YULE

By LaVonne (LaVonne) on December 16, 2010

Winter was a scary time for our Northern European Pagan ancestors. Imagine for a moment what it would be like:

YULE

December 21, 2010

 

WICAN LORE:

The Winter Solstice is the longest night of the year, when the Mother Goddess, heavy with child, labors until morning when she gives birth to the Sun Lord. As he grows stronger day by day, he will warm the Earth and bring back the budding bloom, the new seeds for future crops and warmth and joy to life again.

THE REASON FOR THE SEASON:

Winter was a scary time for our Northern European Pagan ancestors. Imagine for a moment what it would be like:
Harvest is over. Food stores are already beginning to run low and the land where you hunt and forage is barren. For quite some time, the nights have been growing longer and longer, and the days shorter and shorter. The air has grown colder and you know the earth will soon be blanketed in snow. Nights are now freezing, even indoors, and you long for the warmth of the sun. You know that in the weeks ahead, there is going to be little opportunity and need to go out of your small, cramped dwelling for long periods of time. Like every year, your family will spend the next few months huddled together, rationing food and firewood, praying that stores don't run out, praying that no one gets sick, so that you'll make it through the long, lonely, stretch of cold and darkness. You'll have little to do, except keep working for survival and wait.
Then comes the turning point-- the Solstice. It might be the longest night, but a seed of hope is planted. The sun will only get stronger, the daylight only get longer, from here on out. Yes, you might still have dark times ahead, but there is a light at the end of the tunnel.

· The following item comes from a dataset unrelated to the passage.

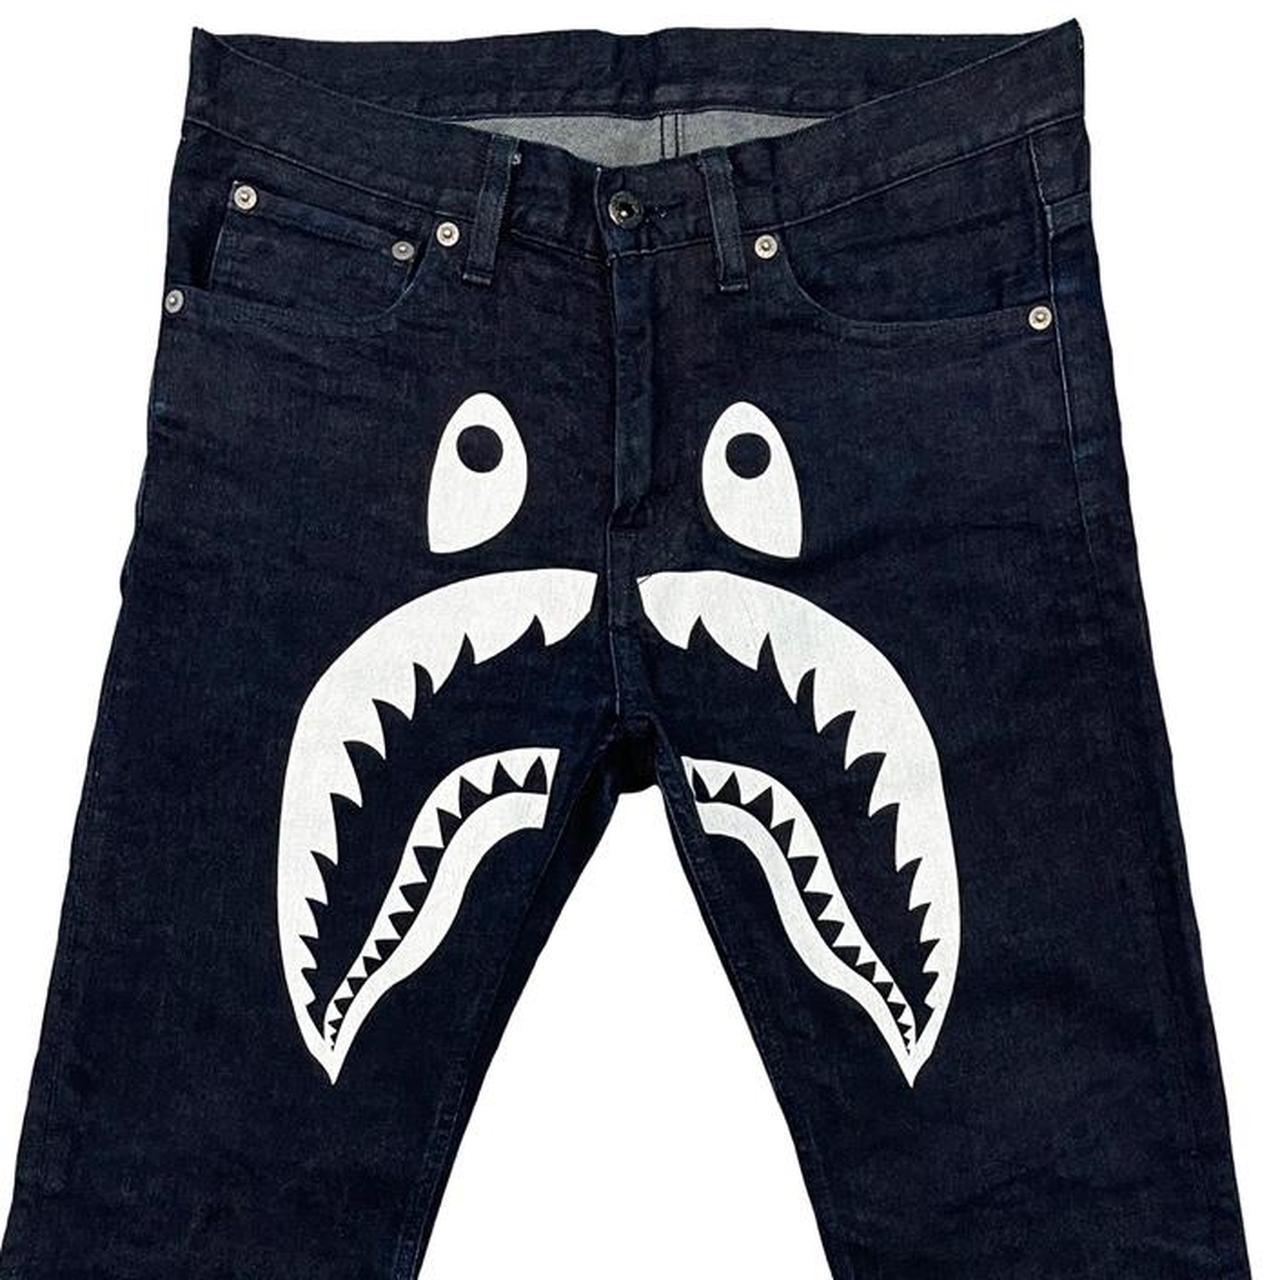 Bape Shark Jeans - Known Source

So what do you do? You celebrate, of course. Use up the last of the perishables before they rot. Enjoy the company of your community before you retreat indoors Celebrate life with merriment to cheer yourselves up and comfort each other about the frightening period ahead of you and reassure each other that it will not last longer than it has to.

What a relief when the days begin to lengthen again!

Many of the ancient traditions surrounding Yuletide are concerned with coping with the darkness and the evils it was thought to harbor, and helping the return of light and warmth.

Evergreen Lore of Yule

Evergreens were cherished at this time of year as a natural symbol of rebirth and life amid winter whiteness. But holly was particularly prized to decorate doors, windows and fireplaces because of its prickliness -- to either ward off or snag and capture evil spirits before they could enter and harm a household.

And from the Celtic tradition comes mistletoe.  Pliny wrote that Druid elders performed rituals in which they harvested mistletoe -- a botanical parasite -- from oak trees with golden sickles. It was collected under a waxing moon phase, and then fed to animals to guarantee their fertility. As part of the rite pair of white bulls was sacrificed and if prayers were answered, prosperity would be visited upon the villages.  

The great thing about mistletoe is that if you use it magically, you don't have to worry about taking it internal. Considering all of its wonderful magical properties, it can be used in many different ways.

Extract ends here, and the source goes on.